I'll have to listen again but I don't recall 6doit having any recurring musical phrases that accompany characters or other ideas throughout the album. there is an overture at the beginning that introduces the songs.
It does, the overture doesn't only introduces later songs (through leitmotifs), it reuses them again for a reprise and a finale. Other examples include Metropolis part II: scenes from a memory, which is almost a musical, including characters, scenes and acts, and A change of seasons, where leitmotifs are not for characters but concepts.
A Thousand Suns by Linkin Park is a concept album about (nuclear) warfare and the threat of technology to humankind. It starts with an intro song in which the lyrics reference the penultimate song, The Catalyst. And that song itself has an intro track that references back to one of the first songs on the album, Burning In The Skies. The album connects itself back to front and the other way around.

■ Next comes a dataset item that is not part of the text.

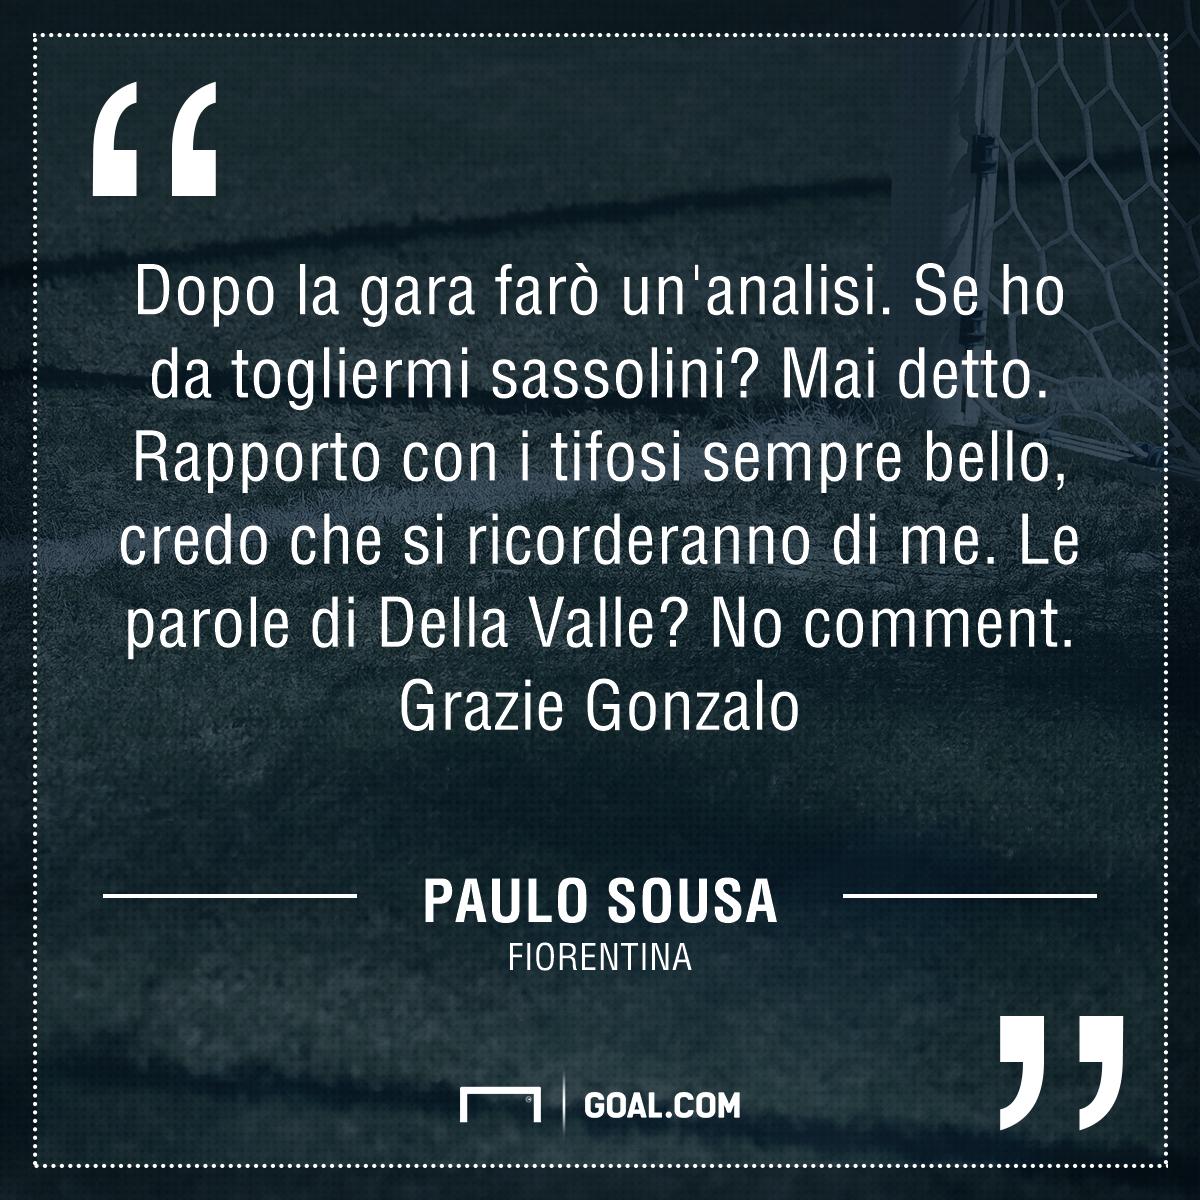 Sousa ai saluti: Firenze si ricorderà di me

Also, midway through the album, there's a track named Wisdom, Justice and Love, which features a speech by MLK, that gets progressively more distorted as it goes on, going from his normal voice to a completely robotic voice. In the intro to The Catalyst, the exact opposite thing happens, with the lyrics and melody going from robotic to natural sounding. Both these movements are a reference to the thematics of humanity vs. technology.
It's a masterful, underrated album. One of my favourites of all time.
Man, that album is so good that I almost want to say it would be worth learning German just to understand it, but I’m afraid even then then cultural references might be lost on people.
Definitely a masterpiece however. Every track just clicks right where it ought to, and the story that’s told (while ending slightly different from the canon version) is fantastic. Absolute 10/10, and I’m not even a goth or a metalhead.
The only thing I know with absolute certainty has a leitmotif (several, in fact) is Peter and the Wolf.
And maaaaybe Come to Daddy by Apex Twin. Does it count if the sound is literally generated by an image of the artist transformed into a WAV file? It literally represents them.